Erst später habe ich entdeckt und verstanden , dass ihr Leben von schweren Zeiten geprägt war.

Sie wurde während des ersten Weltkriegs am 20. Juli 1916 geboren, als jüngstes von 6 Kindern des Bäckermeisters Karl Held in Laichingen auf der schwäbischen Alb. In den schweren Jahren danach wäre sie gern länger zur Schule gegangen. Sie hätte auch ihren Emil gern eher geheiratet, aber erst musste noch der große Bruder unter die Haube. Als es im August 1939 endlich so weit war, zerstörte innerhalb einer Woche der 2. Weltkrieg alle Träume. Am 6. Juni 1940 kam ihre Tochter Sigrid zur Welt, aber das familiäre Glück war auf die wenigen Heimaturlaube beschränkt. Buchstäblich in den letzten Kriegstagen wurde Emil Banzhaf auf dem Balkan verschleppt und kehrte nie zurück.

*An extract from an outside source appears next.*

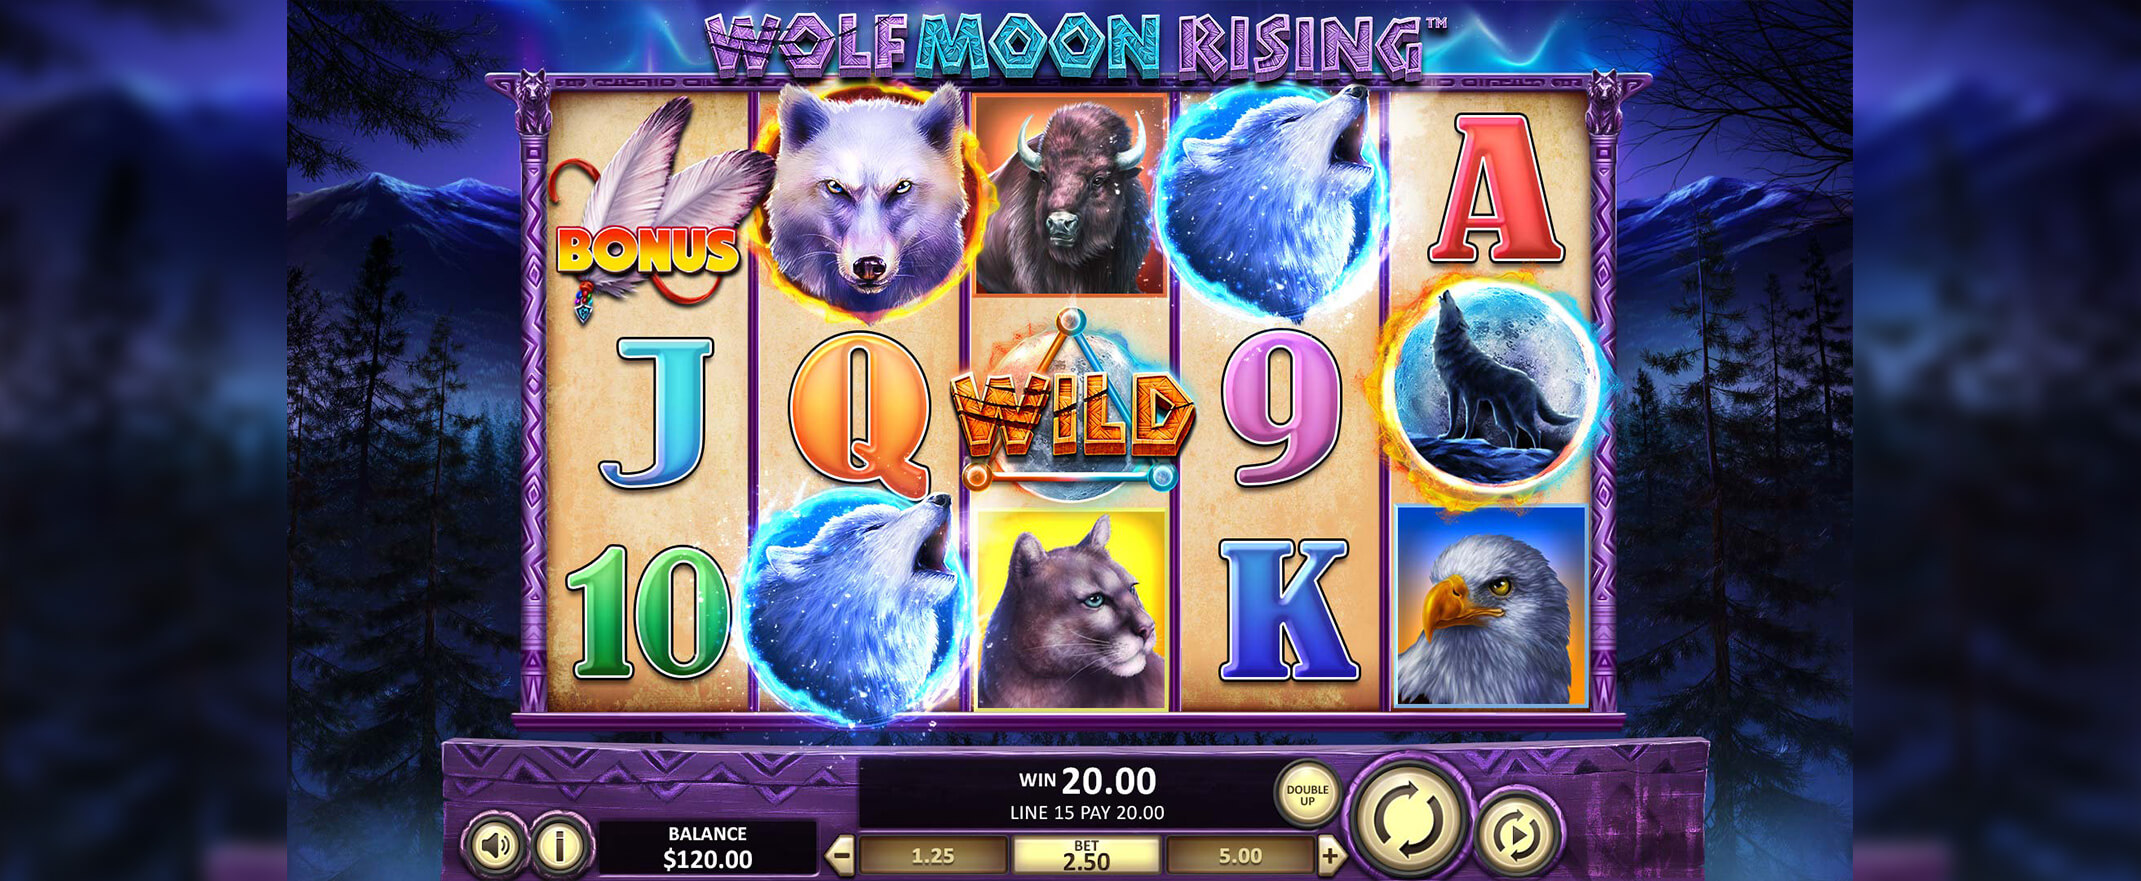 Wolf moon rising slot

Ich persönlich finde, es ist wenigstens eine kleine Genugtuung, dass sowohl der 6. Juni als auch der 20. Juli 1944 (die Geburtstage von Mutter und Tochter) Daten des Widerstands gegen Hitler und des Niedergangs der Macht wurden, die so viel sinnloses Leid über die Welt und diese junge Familie gebracht hatte.

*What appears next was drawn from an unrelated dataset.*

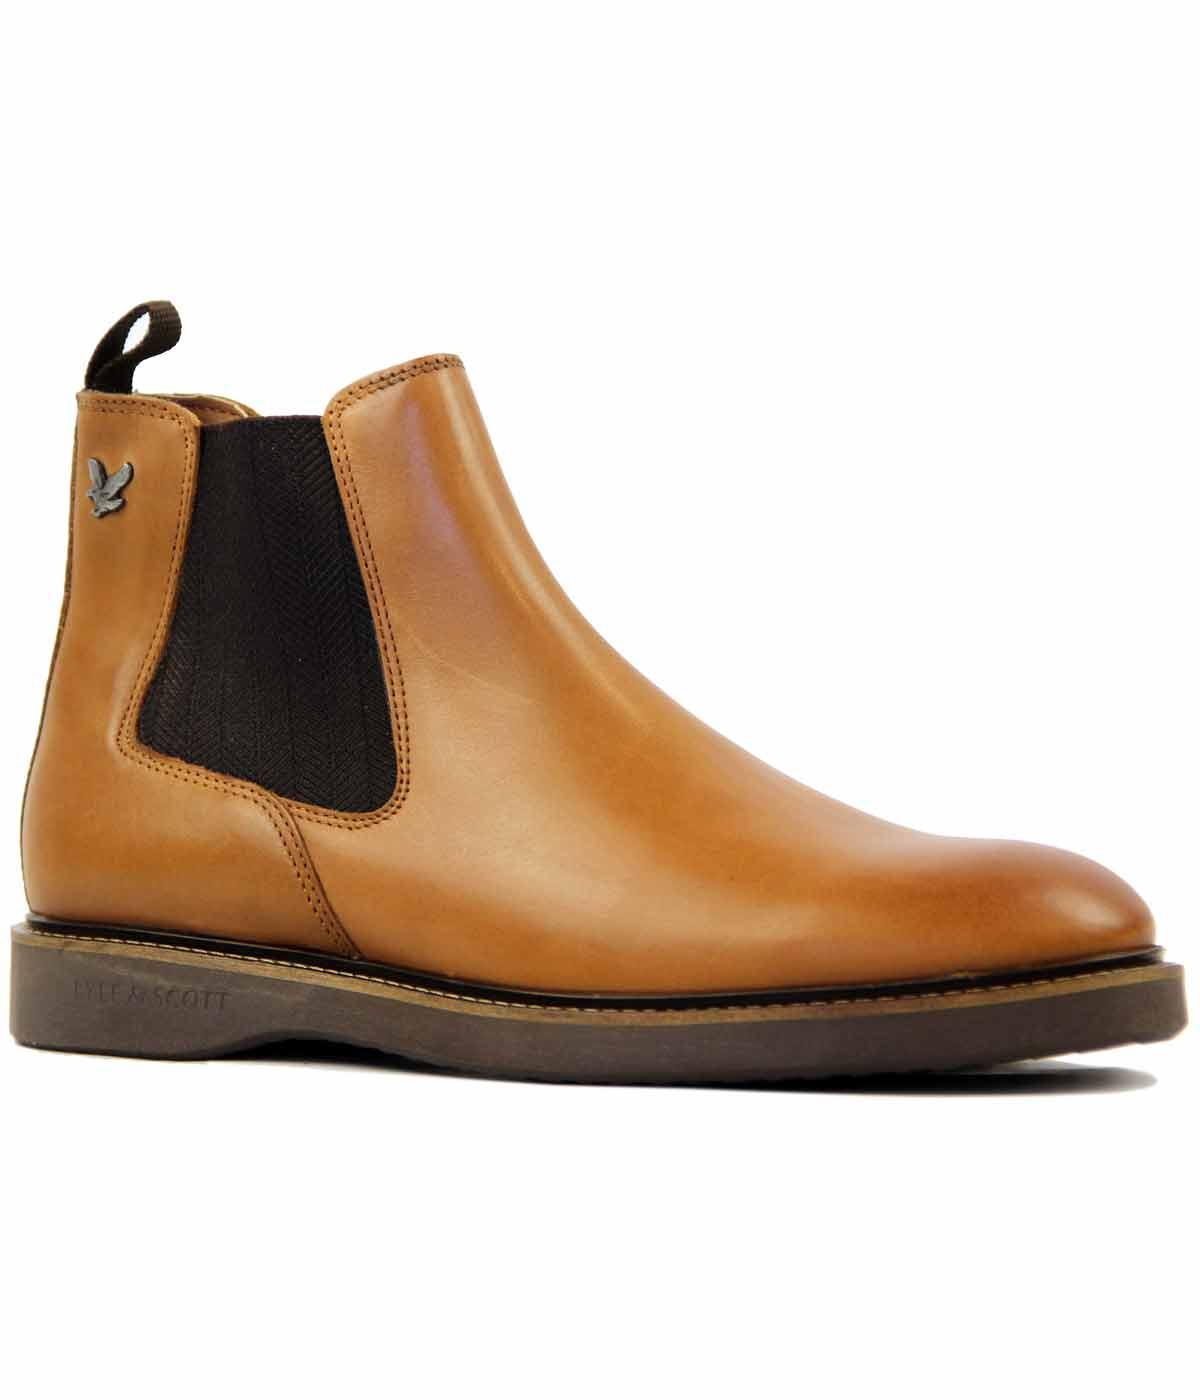 LYLE & SCOTT Prosen Leather Retro Chelsea Boots

Als allein erziehende Mutter und „Trümmerfrau“ war der Aufbau nach dem Krieg schwer. Sie musste ihre Wohnung in der Burgbergstraße den amerikanischen Besatzern überlassen und erzählte, dass Marlene Dietrich dort vorübergehend wohnte. Mit Fleiß und Mut gelang es ihr, sich durch Schneidern eine Existenz aufzubauen. Sie hat im fremden Erlangen neue Freunde gefunden und erlebt, wie vier Enkel und zwölf Urenkel zur Welt kamen und sie am Ende doch wieder von einer großen Familie umgeben war. Es gelang ihr nicht immer, die Grundstimmung von Einsamkeit zu überwinden und sich an den schönen Seiten des Lebens richtig zu freuen. Aber sie kümmerte sich treu und hingebungsvoll um andere Menschen, so lange sie die Kraft dazu aufbringen konnte.

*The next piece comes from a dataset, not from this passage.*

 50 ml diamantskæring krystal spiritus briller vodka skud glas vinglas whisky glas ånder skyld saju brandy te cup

In den letzten Jahren litt sie an der Alzheimerschen Krankheit und gegen Ende auch an zunehmender Gebrechlichkeit. Sie starb am 7. Juni in Streitberg an den Folgen einer Lungenentzündung. Wir sind dankbar, dass es ein friedliches Sterben war, das ihr weitere Ortswechsel und Schwierigkeiten ersparte. Vieles, was sie auszeichnete, hat unser Milein an den einen oder anderen von uns vererbt oder uns durch ihr Beispiel weitergegeben: Menschenfreundlichkeit, Großzügigkeit, Hilfsbereitschaft, Hartnäckigkeit und zupackendes Wesen. Nun vertrauen wir Gott, dass er auch die letzten Tränen zärtlich abwischt und das noch vollendet, was unvollendet geblieben ist.